Alternatives to Backyard Burning

I grew up in a rural community in the 1970s and 80s with a burn barrel in the backyard. Like most of our neighbors, our family burned trash in an effort to minimize costly trips to the dump. As a kid, it was one of my favorite chores. I mean, what kid doesn't like being asked to light stuff on fire? We kept our burning confined to a 55-gallon drum (no big mattresses or car tires), but we burned our fair share of paper and plastic. If only I had known then what I know now, I would have dragged my feet kicking and screaming if I had been asked to "take this out to the burn barrel."


Why We Burn

Burning garbage has long been an acceptable way to dispose of waste in America, especially in small rural communities. In the past, it was literally the only way some people could get rid of their household waste. Today however, residents in every community and rural area have access to either a landfill or a waste collection service.

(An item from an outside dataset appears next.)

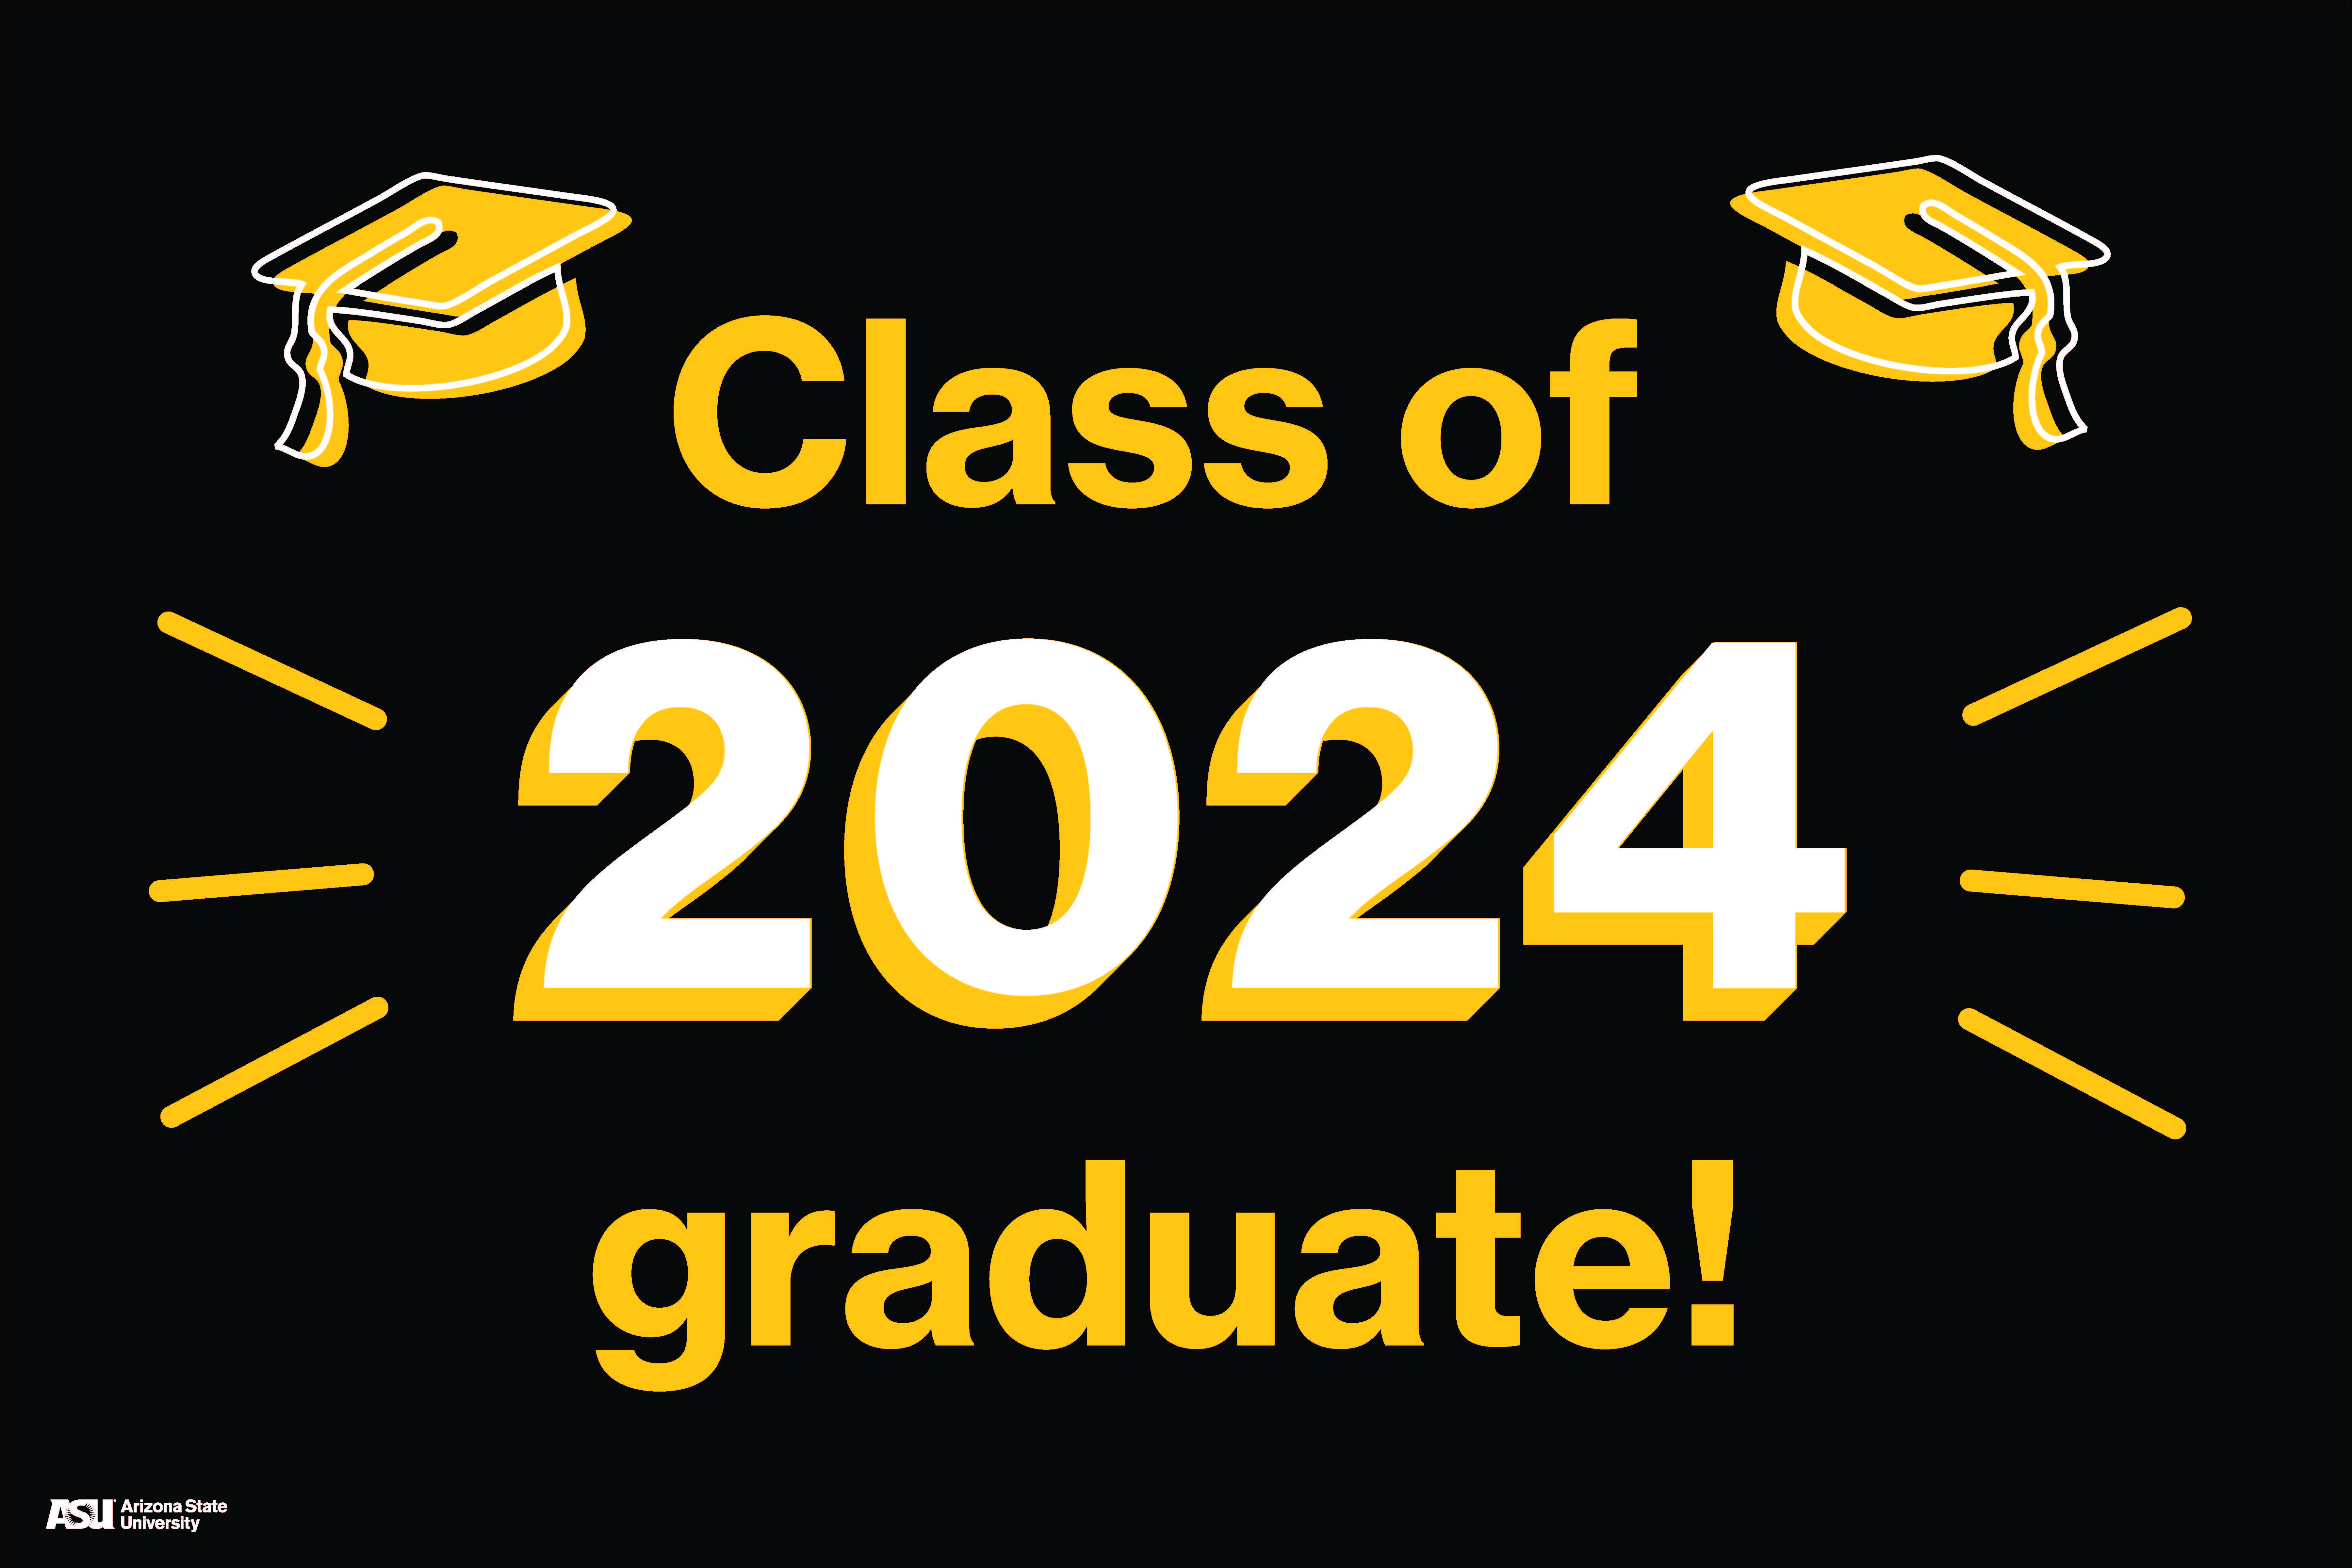 Black class of 2024 graduate lawn sign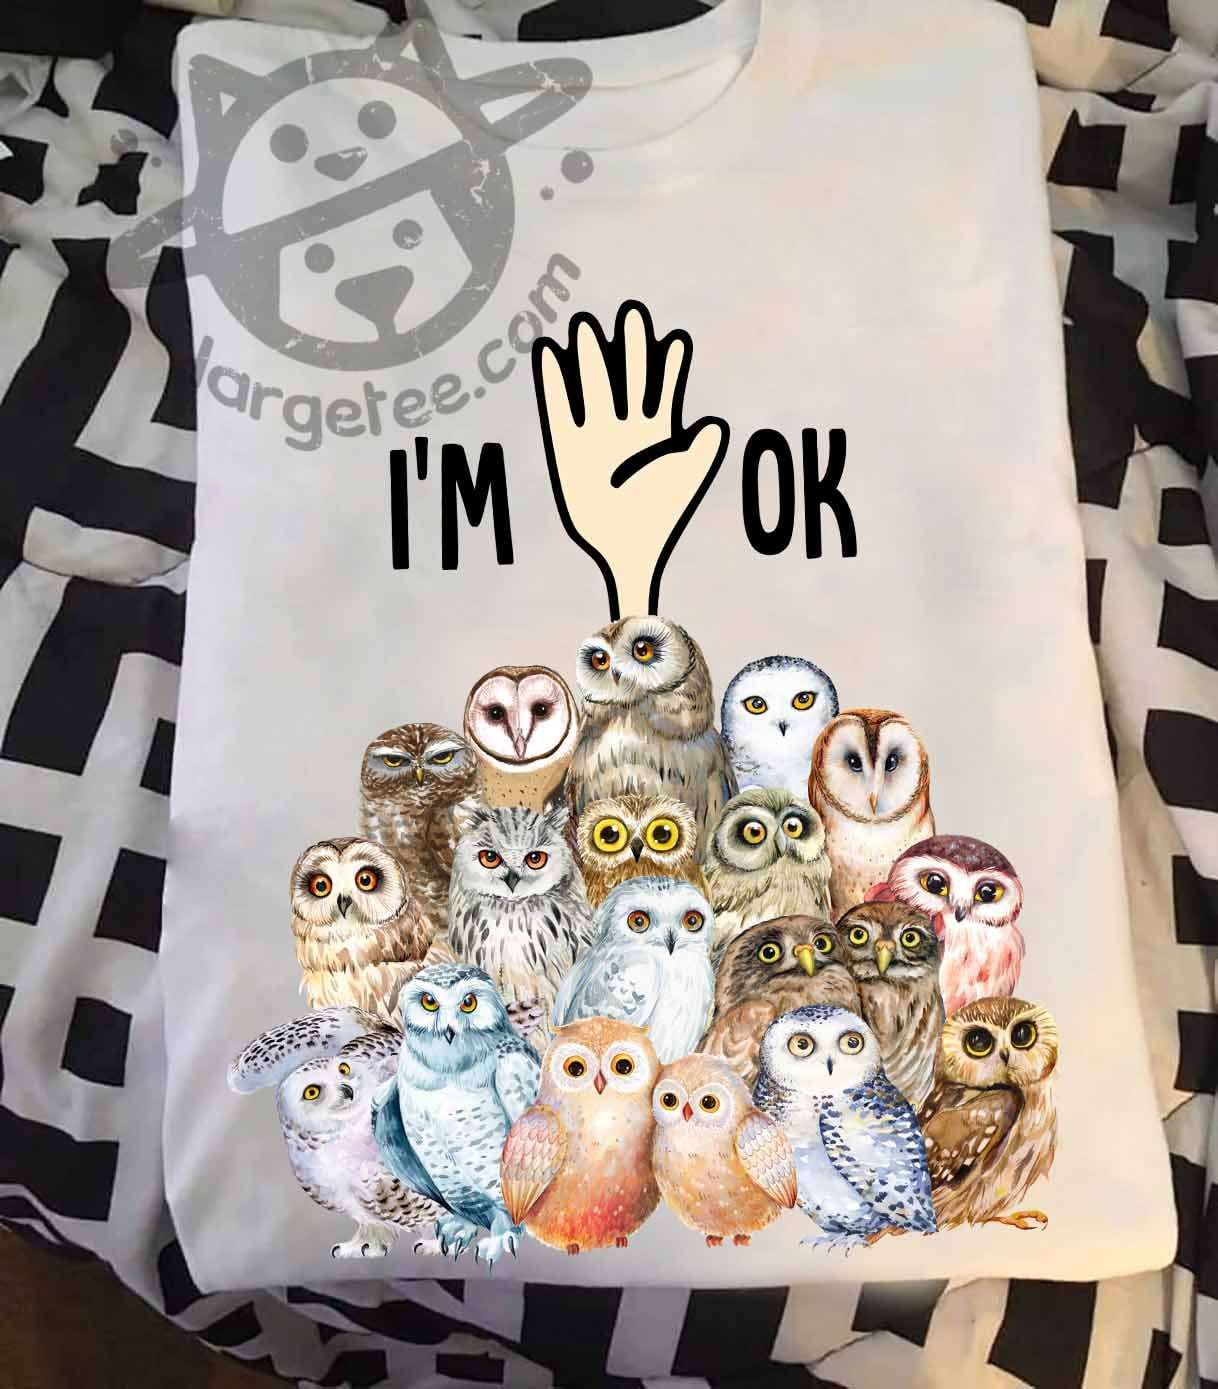 I'm ok - Bunch of owls, owl the gorgeous animal

Yet despite this fact, the use of burn barrels is still widely practiced in many parts of the United States. Studies indicate that some people burn their garbage to avoid the cost of waste removal or the inconvenience of dumping at landfills. Others believe that by burning their garbage, they are reducing the amount of waste that ends up in landfills. Most are simply not aware of the dangers that burning household waste creates.


The Burning Facts

Burning paper, plastic and food scraps seems harmless enough, but the truth is that burning garbage-even paper-poses serious risks to human health, property and the environment. And it's not just the eye, throat and respiratory problems from smoke. As garbage burns, toxic chemicals are released including, arsenic, mercury, formaldehyde, hydrochloric acid, lead, and many others.


Burning garbage also releases dioxins, a known carcinogen. Dioxins are produced when materials containing chlorine (like most paper and many plastics) are burned. When garbage is burned, these heavy metals and chemicals are released, unfiltered, into the air. They build up in the soil and water in our environment and make their way into our bodies through the foods we eat and the water we drink, causing serious health concerns for our children and ourselves. The EPA confirms that exposure to dioxins through food poses one of the highest cancer risks to Americans among toxic chemicals.

And then there are the fire dangers. A fire hazard exists as long as a burn barrel is burning and the ashes continue to smolder. Even a small pile of smoldering ash can start a wildfire days after the garbage was initially burned.

Alternatives to Burning

As of 2005, burning household waste in burn barrels has only been banned in 17 states. Several local laws may also prohibit using burn barrels, but that still leaves 33 states where burn barrels are either legal or regulated. If you or someone you know still practices burning household garbage, consider these safer alternatives:

Dispose of Waste Safely-Have your waste picked up by a licensed waste removal company or take it to a local landfill, transfer station, or a drop-off center. Your local environmental or waste management department will be able to help you find a hauler and locate a nearby landfill.

  • Precycle: Think before you buy. Shop for recyclable and reusable products rather than those that are short lived and disposable.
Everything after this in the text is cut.